● **ASSIGNMENT**:
Output the listing below verbatim, but drop the images.

[[ INFORMATION SHOWN, beginning ]]

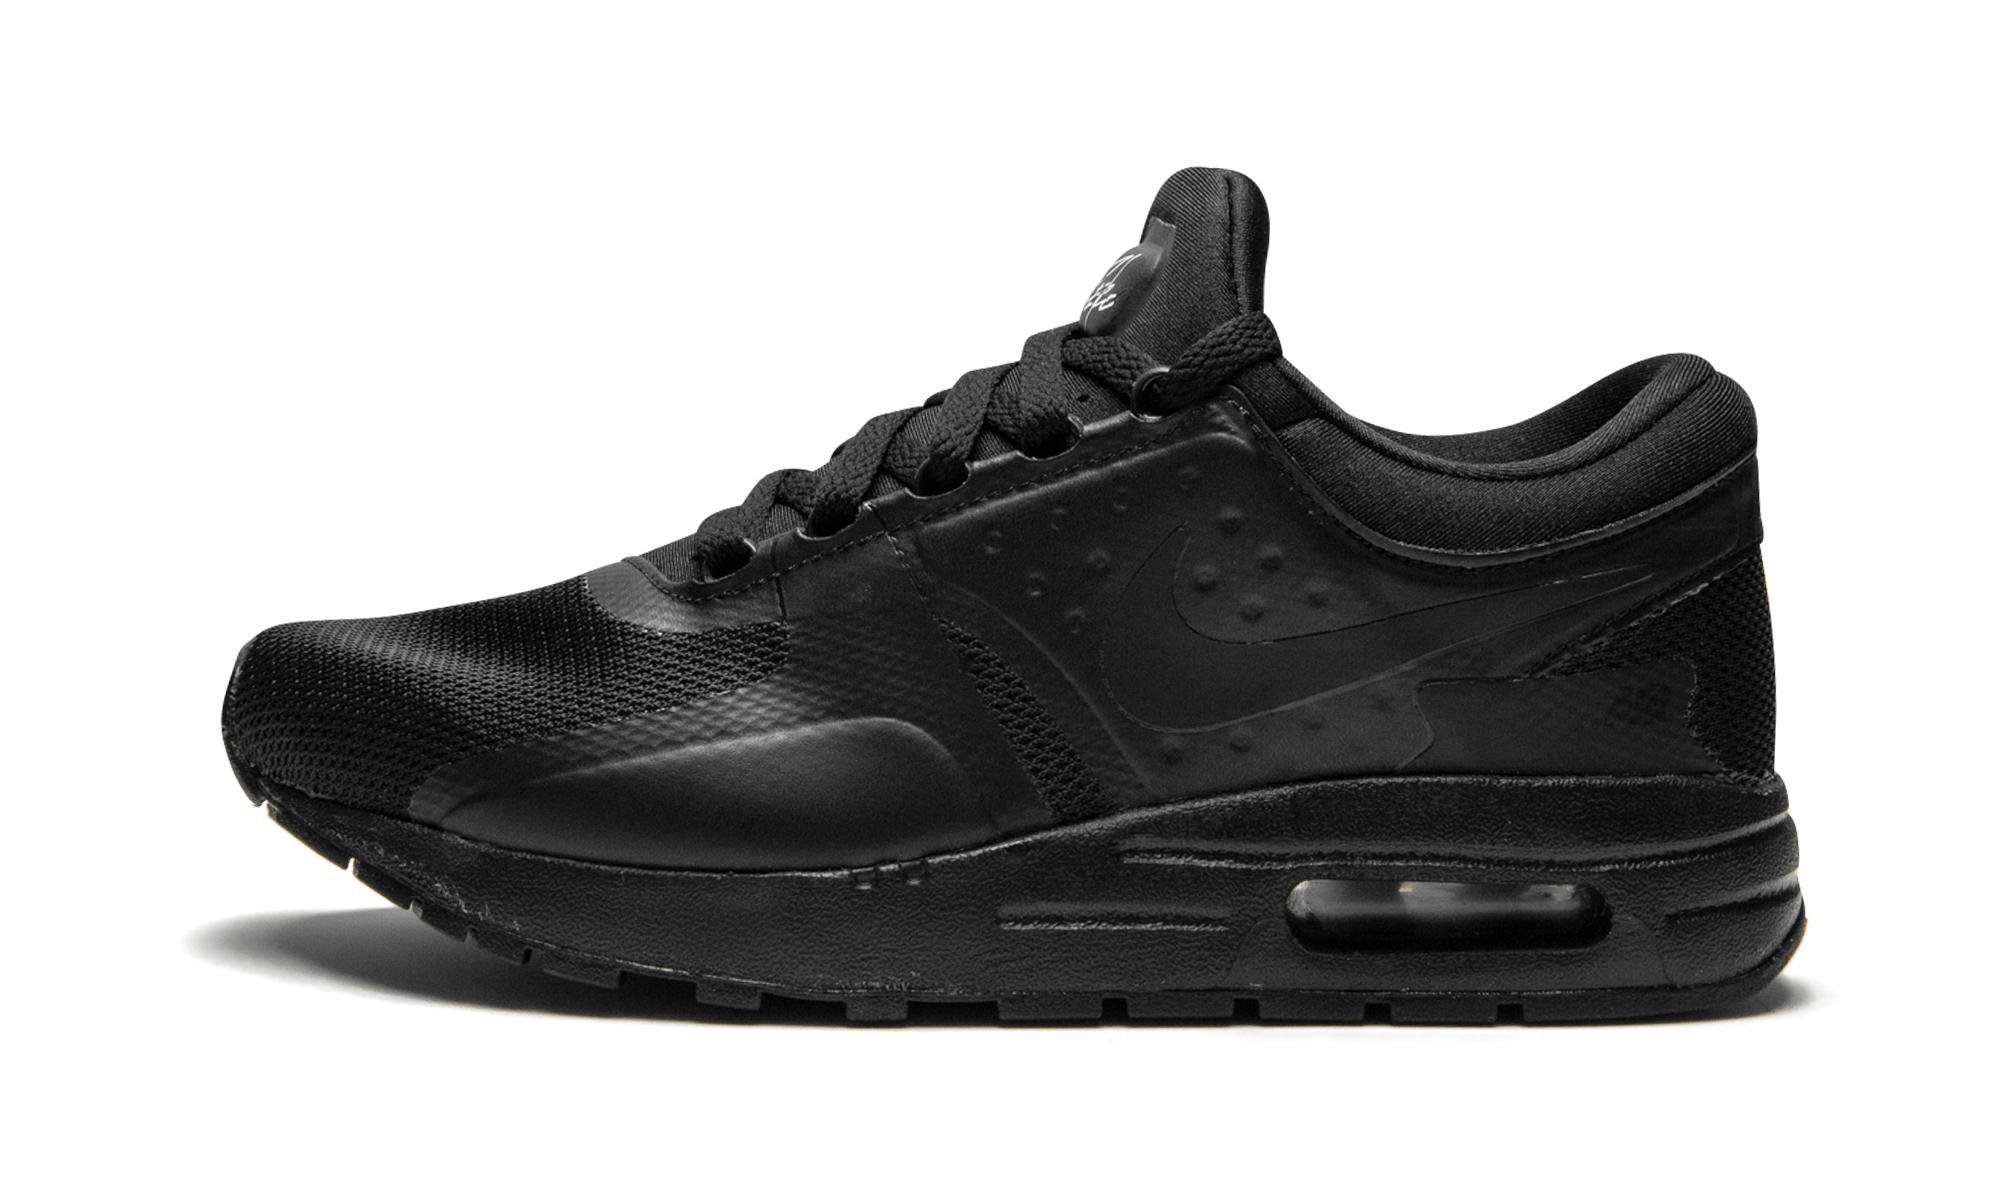 b61092072b Lyst - Nike Air Max Zero Essential Gs in Black for Men
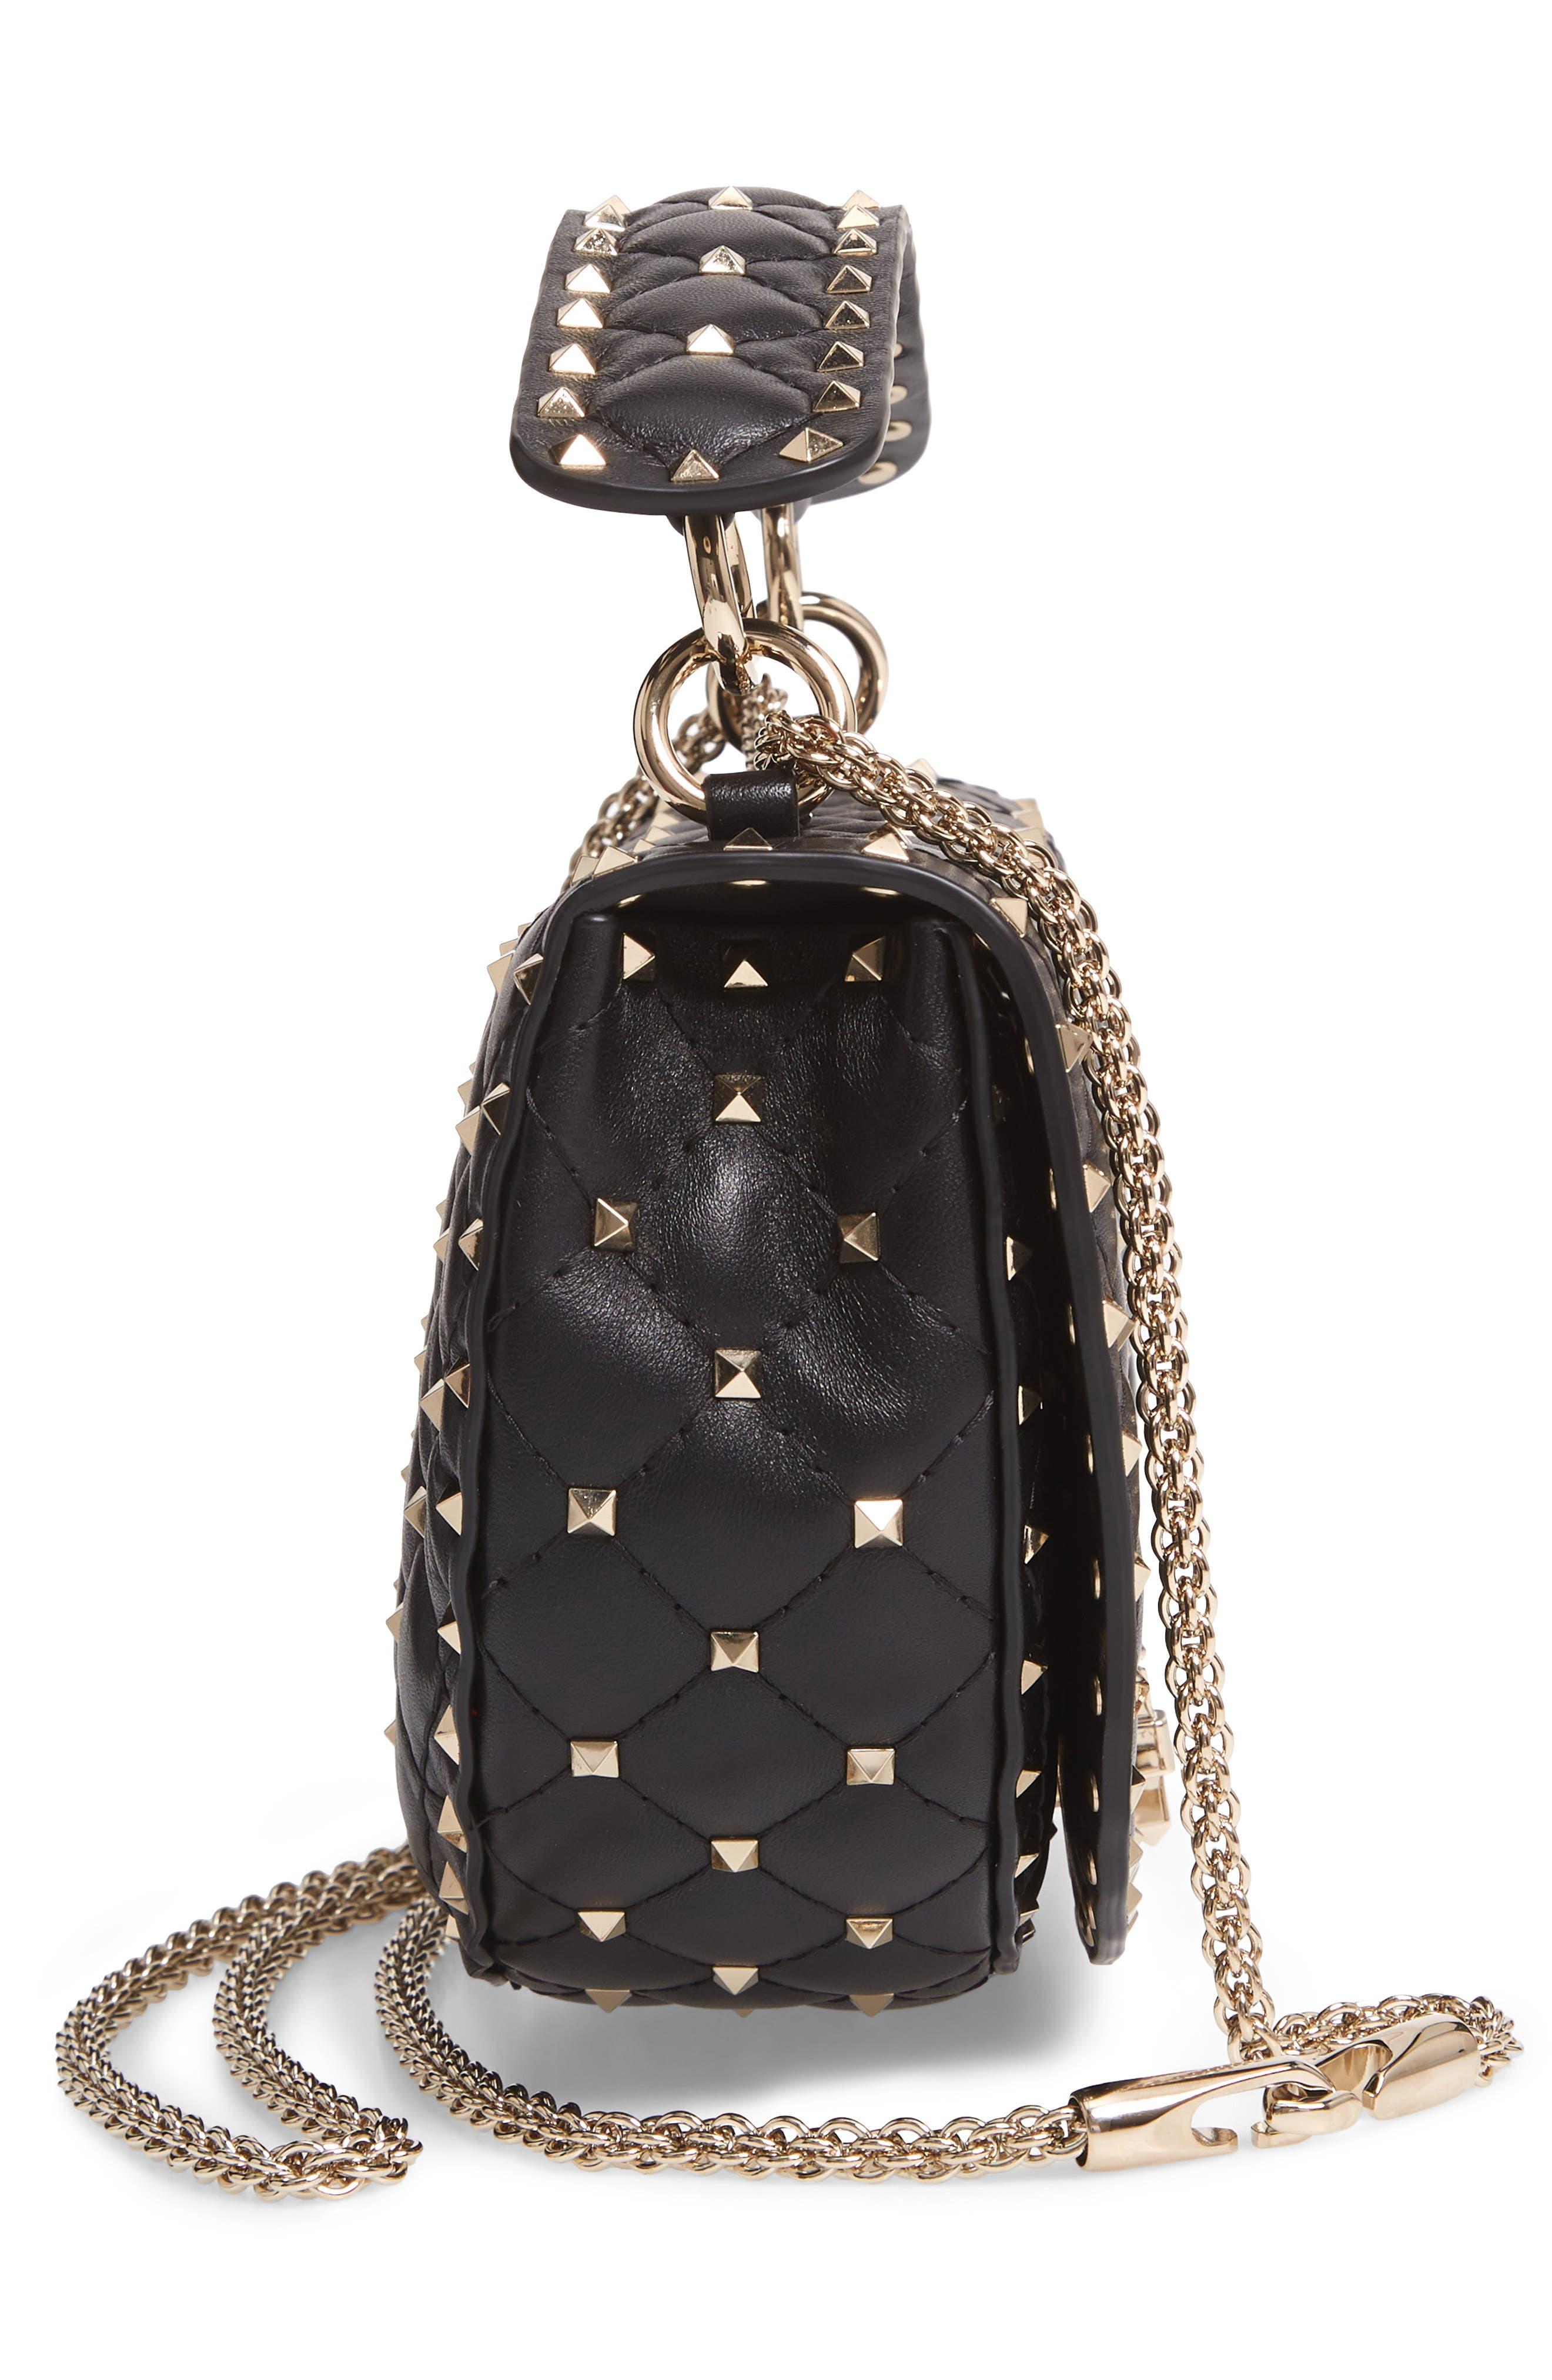 VALENTINO GARAVANI, Rockstud Spike Leather Saddle Bag, Alternate thumbnail 5, color, NERO
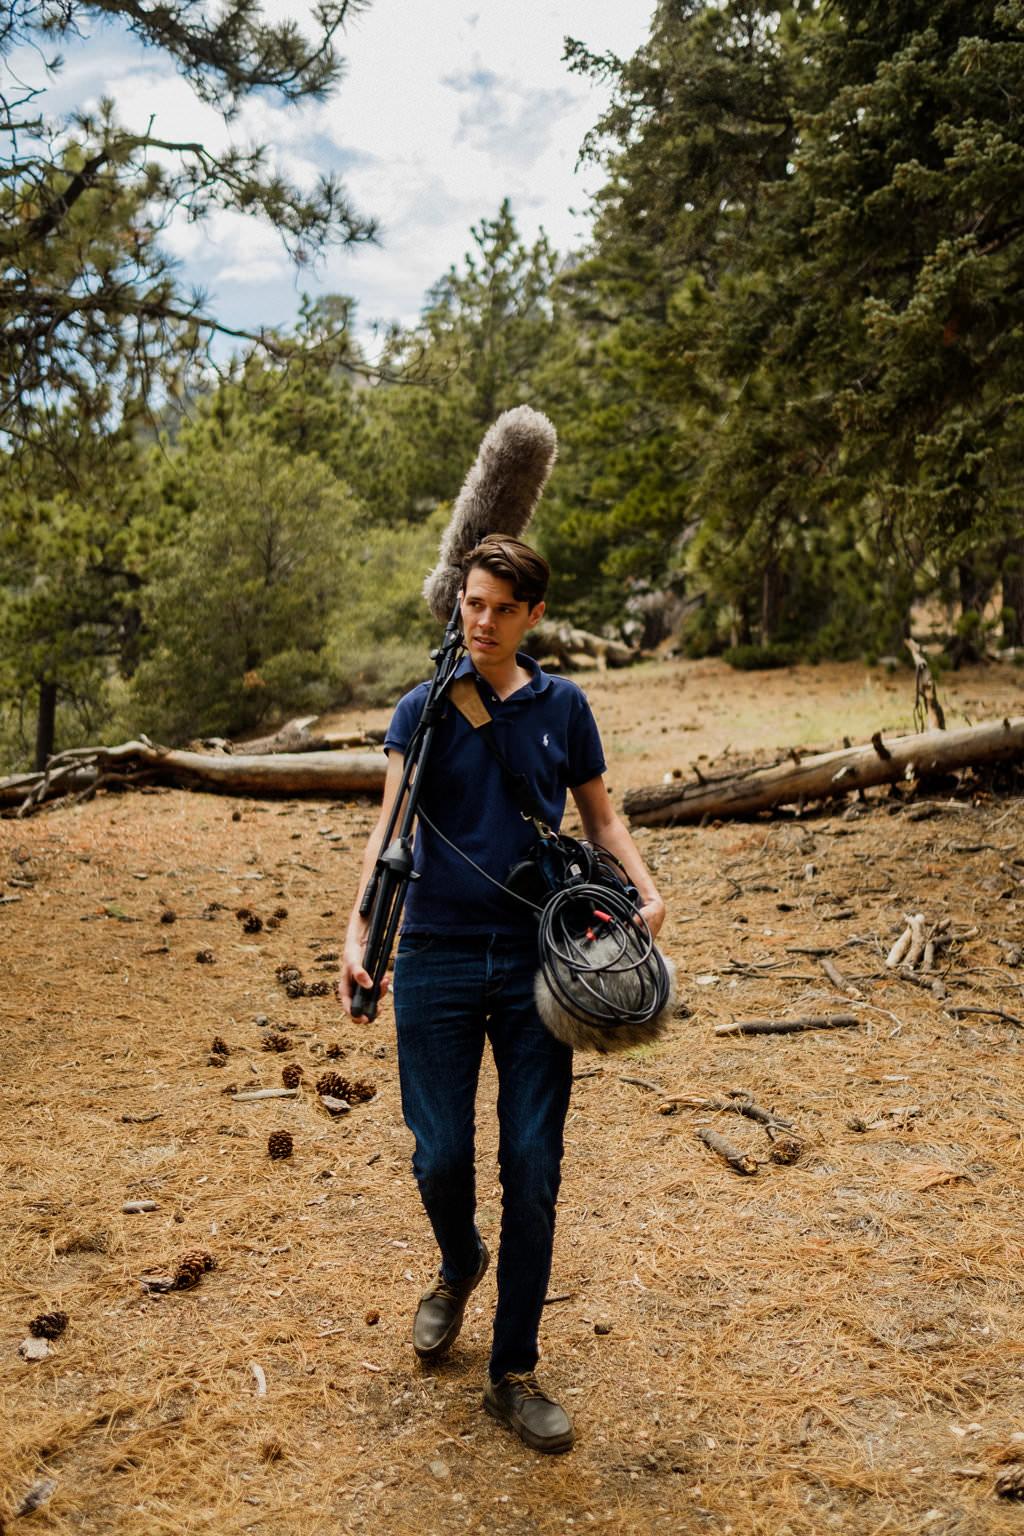 1-field-sound-recording-los-angeles-freelance-photographer-023.JPG
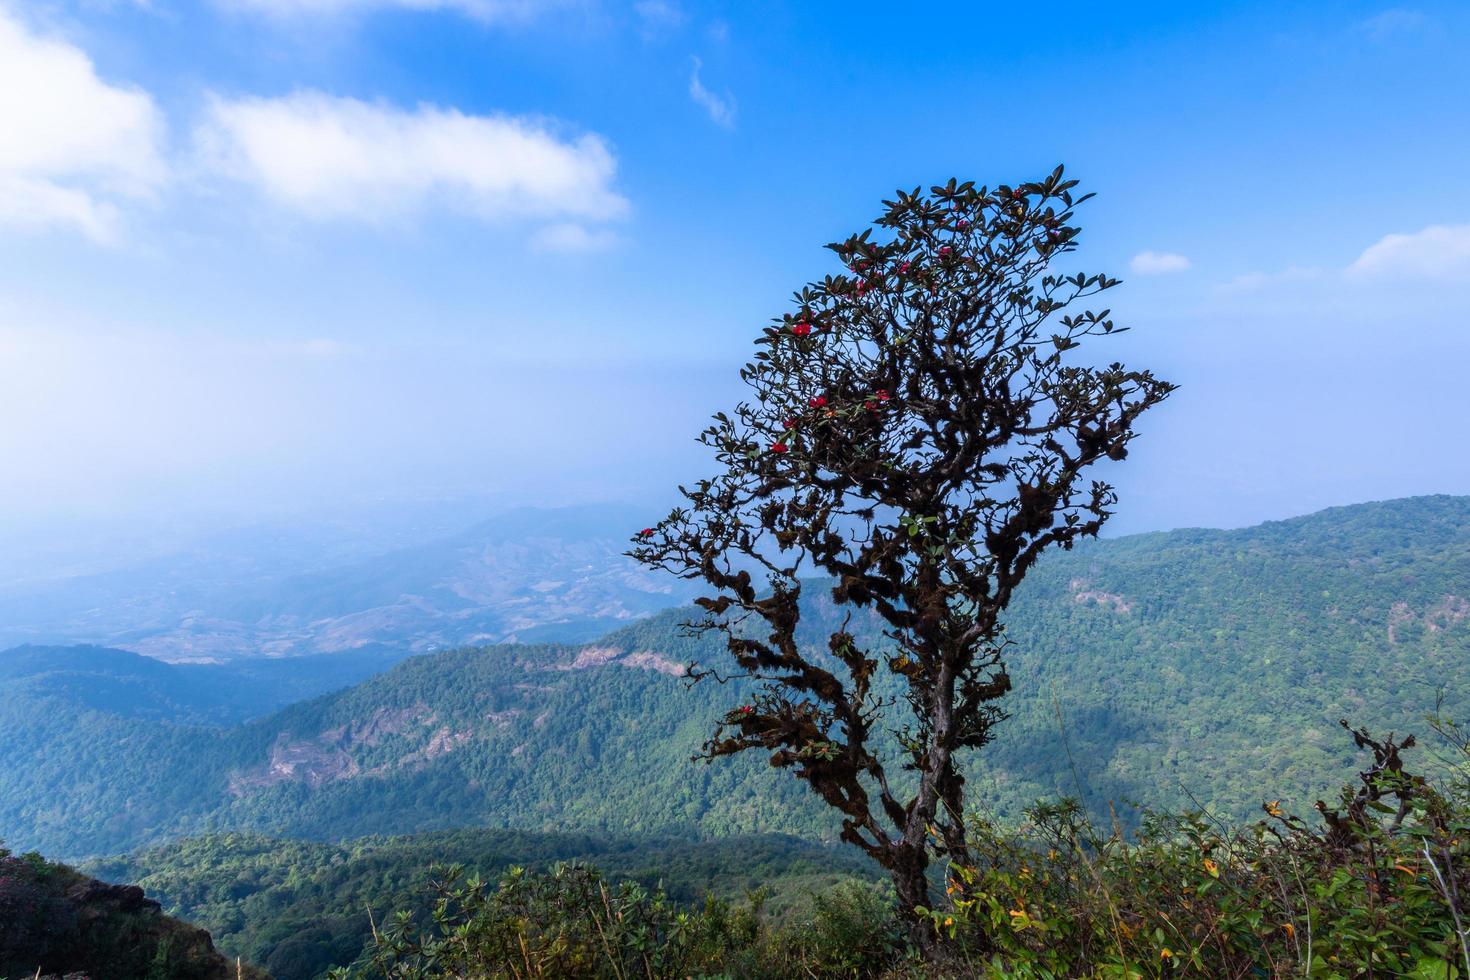 paesaggio a kew mae pan, thailandia foto

[[ INFORMATION SHOWN, end ]]

● **SOLUTION BELOW**:
 b61092072b Lyst - Nike Air Max Zero Essential Gs in Black for Men
 VALENTINO GARAVANI, Rockstud Spike Leather Saddle Bag, Alternate thumbnail 5, color, NERO
 1-field-sound-recording-los-angeles-freelance-photographer-023.JPG
 paesaggio a kew mae pan, thailandia foto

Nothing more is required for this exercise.